On Oct 30, 2021, at 10:45 AM, Ryosuke Niwa via webkit-dev <webkit-dev@lists.webkit.org> wrote:

On Thu, Oct 28, 2021 at 10:24 AM Sam Sneddon via webkit-dev <webkit-dev@lists.webkit.org> wrote:
As part of the ongoing work on GPU Process, we’re interested in adding support for reftest fuzzy matching (i.e., allowing a certain amount of tolerance when comparing the generated images).

Our intention is to match the semantics of WPT’s reftests (https://web-platform-tests.org/writing-tests/reftests.html#fuzzy-matching):
<meta name=fuzzy content="maxDifference=15;totalPixels=300">
There are cases where we’ll want to apply these to the tests unconditionally, for example where varying behaviour is expected across ports (such as anti-aliasing differences), and in these cases for WPT tests these annotations should probably be exported upstream.

The current plan, and work is underway to do this, is to support this syntax via parsing the HTML in Python when there is a hash mismatch, which should minimise the performance impact versus always reading this metadata.

However, this doesn’t entirely suffice. There are cases where we might want to allow more tolerance on one platform or another, or vary based on GPU model or driver. As such, this requires not only platform specific metadata (i.e., similar to that which we have in TestExpectations files today), but also expectations with finer granularity.

Are we sure we really need that? What are examples of tests that do warrant such a mechanism?

Generally, we want to keep our testing infrastructure as simple as possible.

One option is to extend the meta content to encode conditional variants, though this doesn’t work for WPT tests (unless we get buy-in to upstream these annotations into the upstream repo, though that might be desirable for the sake of results on wpt.fyi).

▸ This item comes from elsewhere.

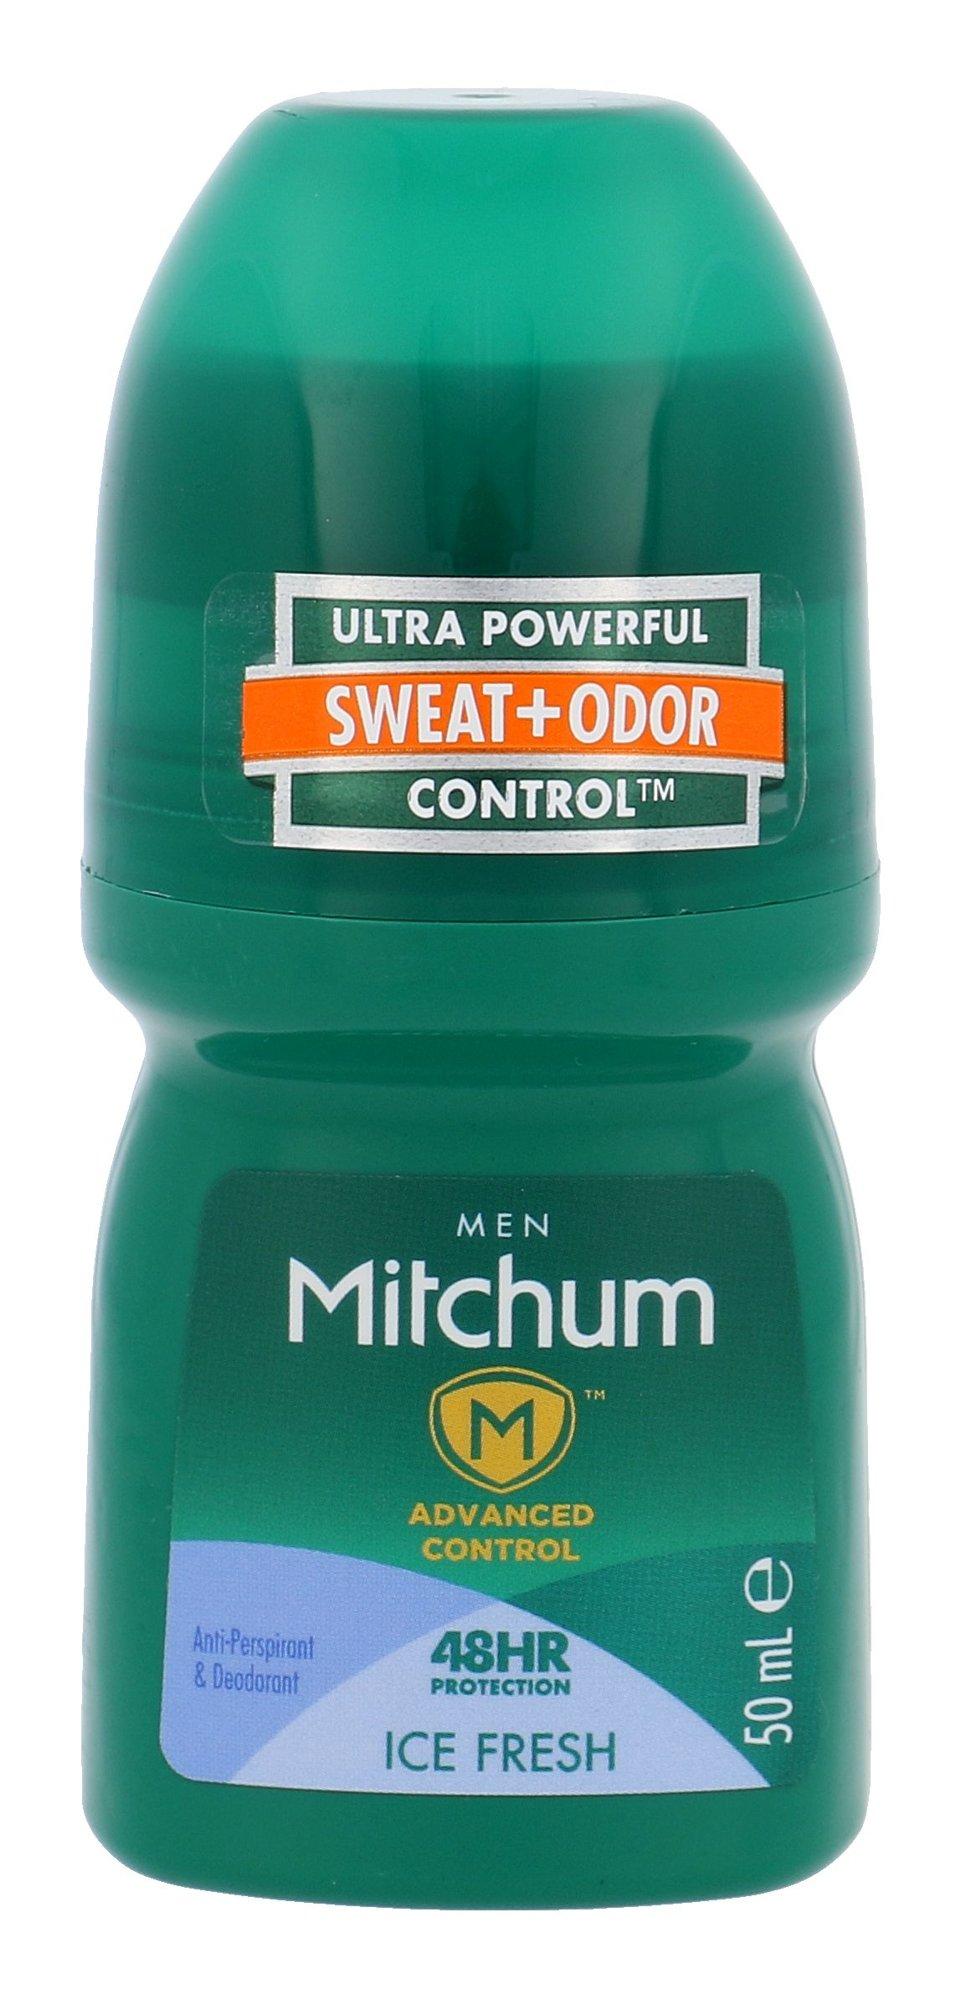 Mitchum Advanced Control Cosmetic 50ml  Ice Fresh

We would need to be confident that this wouldn’t become unwieldy however; we wouldn’t want to end up with something like (if:port=Apple)maxDifference=1;totalPixels=10,(if:platform=iOS)maxDifference=10;totalPixels=20,(if:port=GTK)maxDifference=10;totalPixels=300.

Another option is to extend TestExpectations to store more specific data (though again this might become unwieldy, as we’re unlikely to add new “platforms” based on every variable we might want to distinguish results on). This also means the metadata is far away from the test itself, and the TestExpectations files would continue to grow even further (and we already have 34k lines of TestExpectations data!). TestExpectations is also a rather horrible file format to modify the parser of.

I'm fine with either of the above options but I don't think we should introduce this kind of micro syntax if we're going with meta.

We should probably specify a platform in a different attribute altogether. e.g.
<meta name="fuzzy" content="platforms=mac-bigsur; maxDifference=15; totalPixels=300">

I like this suggestion; WPT already allows multiple <meta name="fuzzy"> because you can specify a per-reference fuzzy value:

There is also test-options.json which has most of the same downsides as TestExpectations, albeit without the pain in modifying the parser.

Finally, we could add per-test or per-directory files alongside the tests. (Due to how things work, these could presumably also be in directories in platform/.) This I think is probably the best option as it keeps the metadata near the test, without needing to modify the test (which, per above, is problematic for WPT as we move to automatically exporting changes). One could imagine either a __dir__-metadata.json (to use a similar name to how WPT names directory-level metadata files) or a -expected-fuzzy.json file alongside each test.

Both of these two options seem worse than either encoding in the test or putting in the test expectations. They invent a brand new mechanism to store metadata for tests. We don't want to introduce yet another file / mechanism people need to be aware of.